Prima di ottenerla non hai la certezza che tutto andrà come dici tu.
Le persone potrebbero fare scelte diverse, non essere disponibili, la situazione in
cui speri potrebbe non verificarsi, insomma, vuoi qualcosa ma non hai la certezza
che la otterrai.
Cosa provi? Ansia.
Hai paura che non accada quel che vorresti, o che
accada proprio quel che temi e non desideri. In una
prima fase, quindi, non sai cosa accadrà e questa
incertezza crea ansia e malessere.
Ecco un’altra caratteristica delle pretese: se pretendi
qualcosa significa che per te è importante.

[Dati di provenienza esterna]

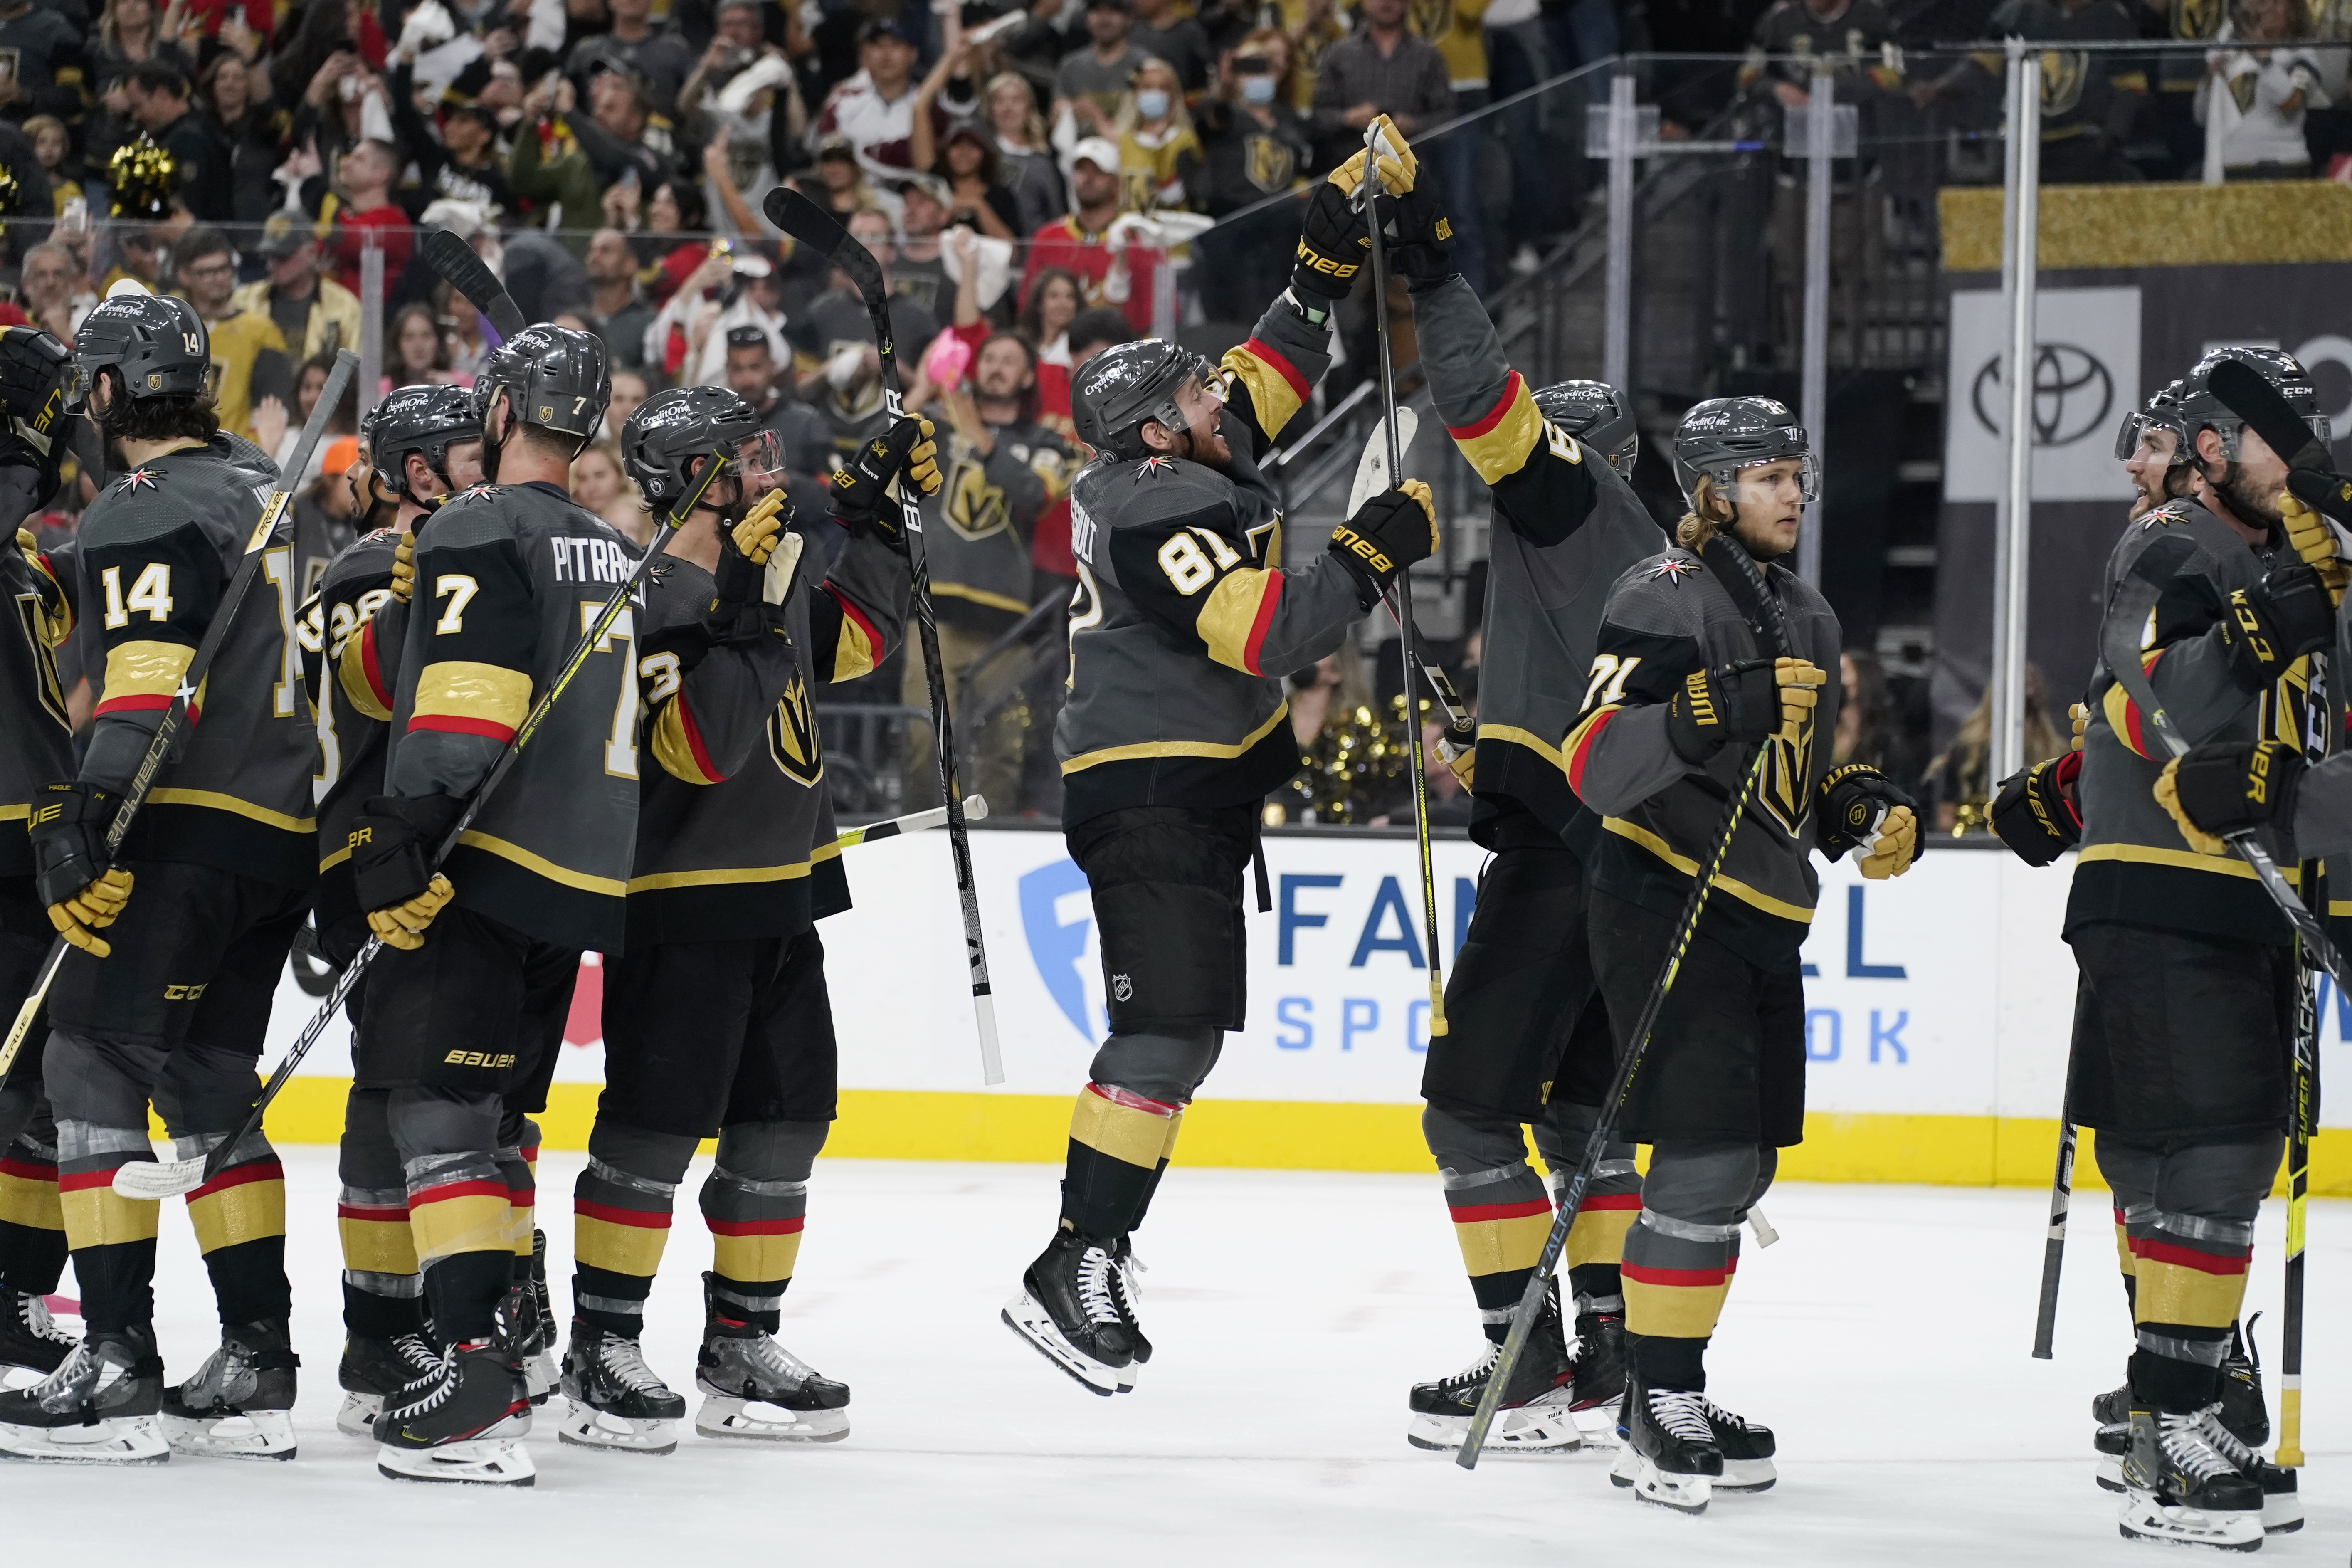 NHL playoffs How to LIVE STREAM FREEE the Vegas Golden Knights at Colorado Avalanche Tuesday (6-8-21)

Non è la stessa cosa se non va come pensi, per te è
indispensabile ottenere quel che pretendi.
Per questo lo pretendi: pensi che avrà un impatto
positivo nella tua vita. Detto in altre parole: contribuirà a farti stare bene, a donarti
felicità, benessere, emozioni positive.

PASSAGGIO 2: HO QUELLO CHE VOGLIO


Fantastico! O no?

In realtà tu pretendi quasi esclusivamente cose che non puoi controllare al 100%.
Altrimenti le avresti già, non dovresti pretenderle.

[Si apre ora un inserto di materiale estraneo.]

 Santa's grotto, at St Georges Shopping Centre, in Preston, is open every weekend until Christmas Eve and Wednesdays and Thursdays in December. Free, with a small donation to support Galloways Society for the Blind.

Anche se ottieni quel che desideri, proprio perché non dipende totalmente da te,
non c’è scritto da nessuna parte che duri. Anzi, sai bene che potrebbe finire in
ogni istante.
E così, anche quando ottieni quel che pretendi, resta
in sottofondo la sensazione che potrebbe finire, non hai
la sicurezza che durerà per sempre e questo produce
incertezza, irrequietezza, una sensazione di insicurezza di
fondo che mina la tua serenità.
Emozioni negative.
Quasi fosse un rumore di sottofondo che non smette
mai.
A volte non ci fai caso, siamo distratti da mille cose,
ma c’è e appena si fa silenzio torni a sentirlo.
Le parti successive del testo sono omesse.